Martini Mapper: An Automated Fragment-Based Framework for Developing Coarse-Grained Models within the Martini 3 Framework
Kevin V. Bigting, Shubhadeep Nag, Yaxin An
TL;DR
This work tackles the challenge of efficiently deriving accurate and transferable Martini 3 coarse-grained models for chemically diverse molecules by introducing Martini Mapper, an automated, fragment-based framework that maps SMILES to Martini 3 representations using a curated LBBT and an expanding DBBT. The pipeline tokenizes SMILES, applies a ring-first hierarchical mapping under a path-length constraint, and produces simulation-ready topologies and coordinates, scalable to molecules with over $120$ heavy atoms. Validation across multiple datasets shows strong agreement with experimental $ΔG_{OW}$ and $\log P$ for large portions of chemical space, with substantial gains from iterative bead refinement and dictionary expansion. The framework enables high-throughput, reproducible CG modeling relevant to drug discovery and materials design, while acknowledging current limitations of Martini 3 and dictionary coverage, and outlining clear paths toward broader coverage and potential ML-assisted optimization."
Abstract
Coarse-graining (CG) reduces molecular details to extend the time and length scales of molecular dynamics simulations to microseconds and micrometers. However, the CG approaches have long been limited by the difficulty of constructing both accurate and transferable models efficiently, considering the large diversity of chemical structures of materials.

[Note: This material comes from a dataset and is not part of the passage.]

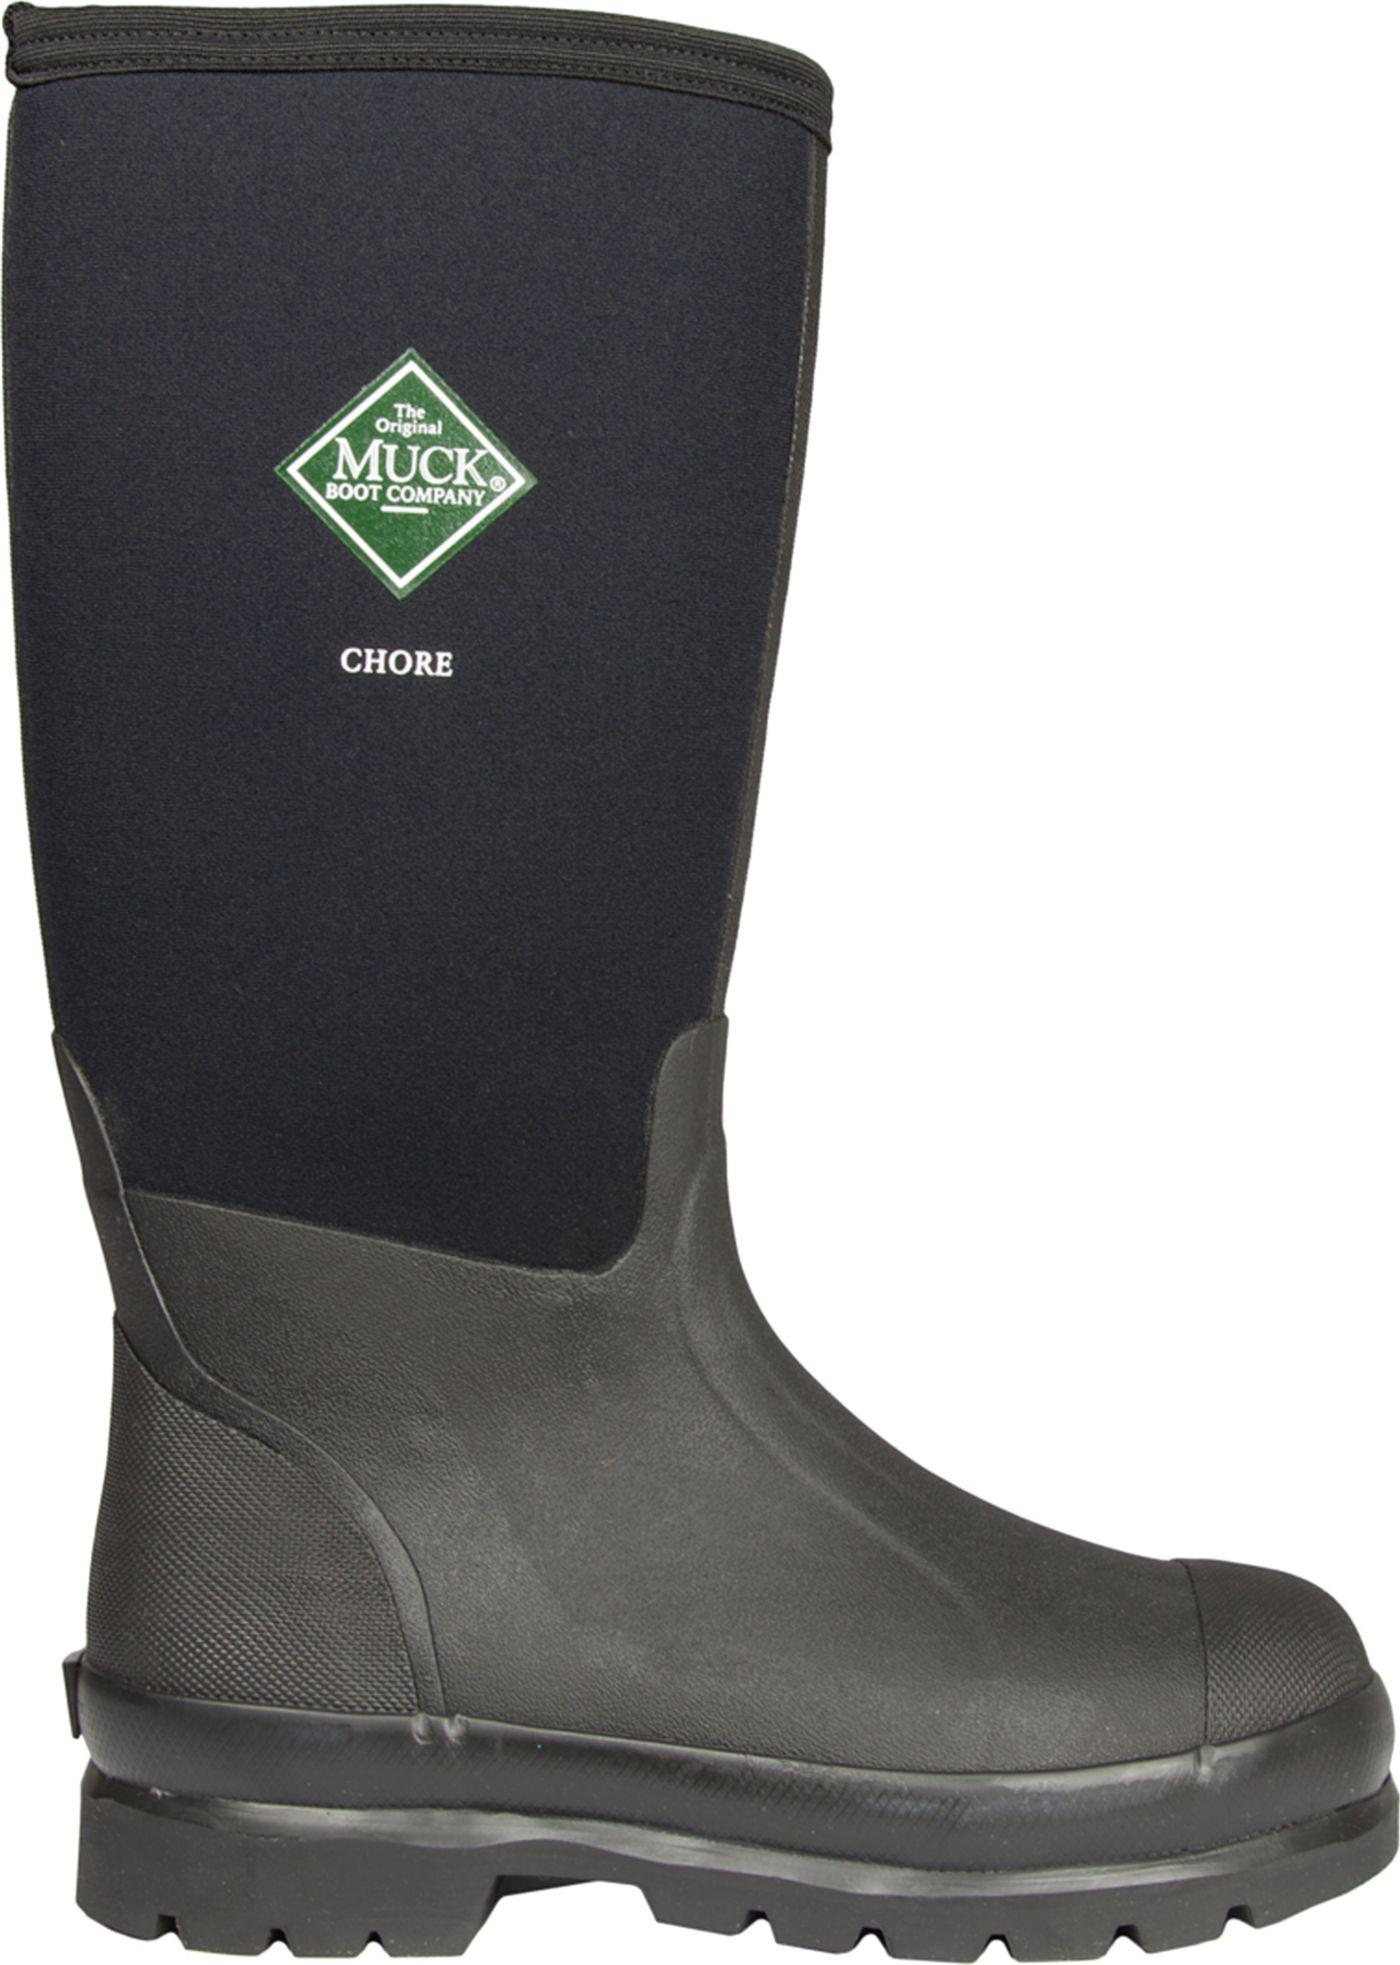 Muck Boots Men's Chore Waterproof Steel Toe Work Boots

Among CG force fields, Martini is the most widely used, as it retains essential chemical features while offering substantial computational efficiency. Its most recent version, Martini 3, expands chemical resolution through a much broader bead set, particularly for small molecules. However, this flexibility also complicates the mapping of organic molecules because of context-dependent rules and the lack of standardized procedures. To address this issue, we present an automated framework that builds Martini 3 models directly from SMILES (Simplified Molecular Input Line Entry System) strings by combining a curated bead dictionary with a hierarchical, rule-based algorithm. Our framework, Martini Mapper, generated Martini 3 models for more than 5,000 molecules across four chemically diverse datasets. A curated subset of 1,081 mapped structures was benchmarked through octanol-water free-energy ($ΔG_{OW}$) and partition-coefficient ($\log P$) calculations, yielding strong agreement with experimental values. The workflow can also map large molecules containing up to 126 heavy atoms, exceeding the capabilities of existing automated approaches. The algorithm and the complete set of more than 5,000 mapped itp/top files are available at the \href{https://github.com/eliobaby/Martini_mapping}{Martini Mapper}. Our framework, therefore, enables systematic and scalable Martini 3 structures for high-throughput simulations relevant to drug discovery and materials design.